I’m a data scientist newbie to the stock market, trying to wrap my head around numerai.
The first shock as a complete newbie has been that the data is so anonymized. After reading docs and forum, I understand: the data that the hedge fund provide is actually one of its assets and apparently expensive to get. Ok, I understand.
However, the fact that the stock ids are not only anonymized but changes randomly from era to era, has me very confused. Aren’t we losing an extremely important bit of the information? To try to give the magnitude of what I am (mis)understanding: the current AI revolution with deep learning has started and continues in big part since people took advantage first of the geometric structure of the data (CNN applied to image) and ongoing with temporal/sequencial structure of the data (RNNs and its variants applied to NLP and any sequence-type data).
Aren’t we losing a lot by removing this information?
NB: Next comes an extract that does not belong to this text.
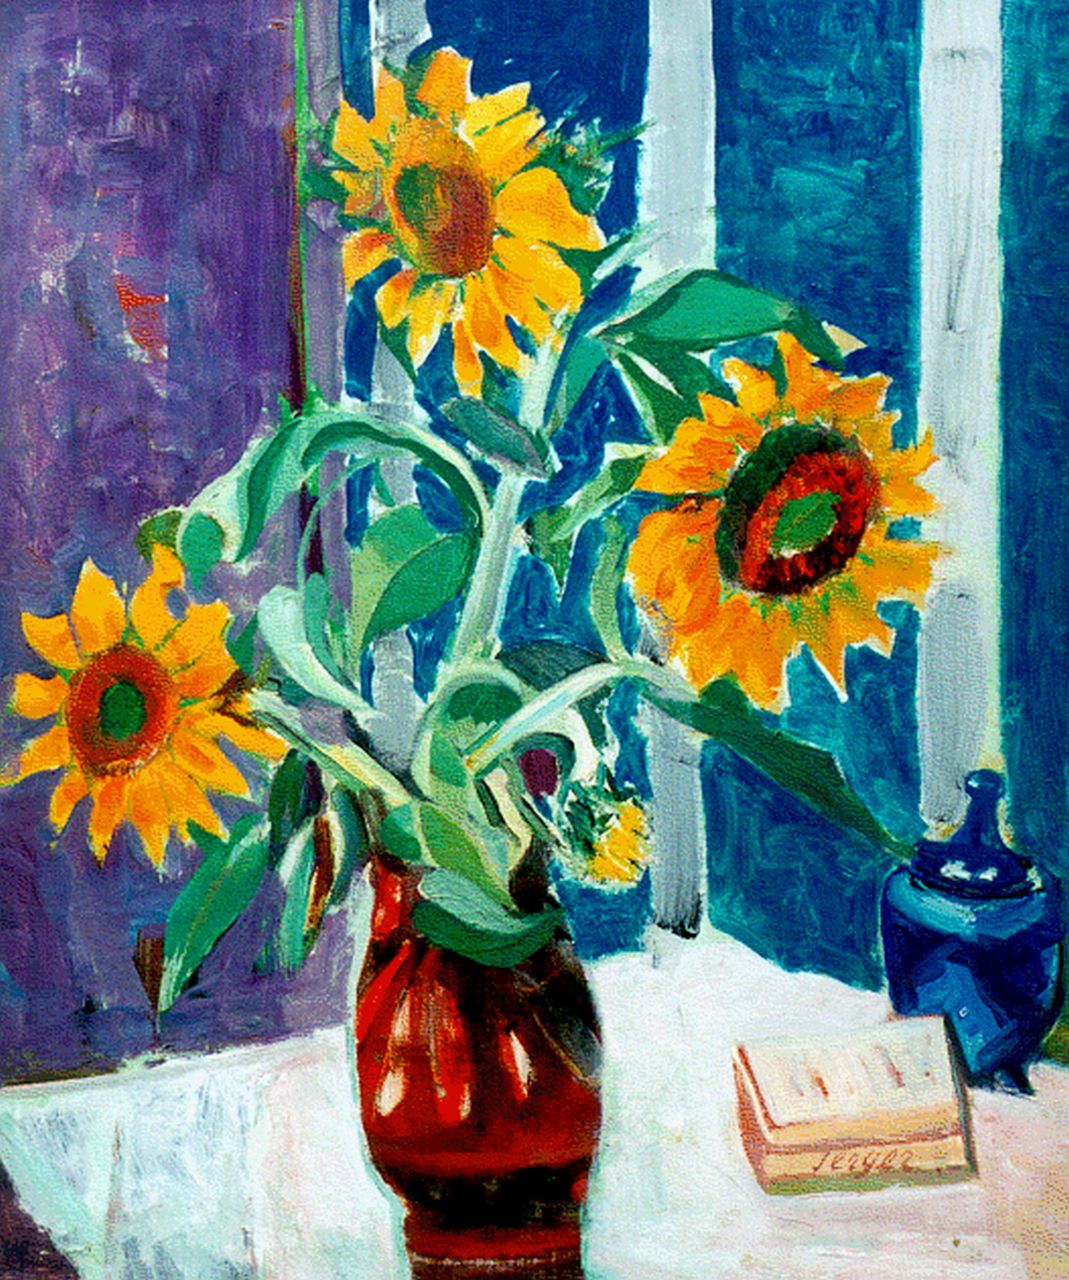 Serger F.B.  | Frederick Bedrich Serger, Sunflowers, Öl auf Leinwand 61,2 x 51,2 cm, signed l.r. und painted before 1939

Just imagine image classification with the position of the pixels randomized, or NLP with the words shuffled.
What is the reason to remove the id consistency over time? That it would somehow make possible a des-anonymization of the data?
If an answer is that the temporal information of each stock is somehow embedded in the row, spread through the features, I would argue that just like we want collective intelligence applying data science over the features, it might be as important to do it over time, rather than having that axis of the information used for us in a fixed way.
In addition, any possible correlation between different stocks over time is lost as we can’t track them over time. Maybe this is better from a stock prediction point of view, I don’t know.
Just trying to understand here, I hope there is something that I missed!
Thank you in advance!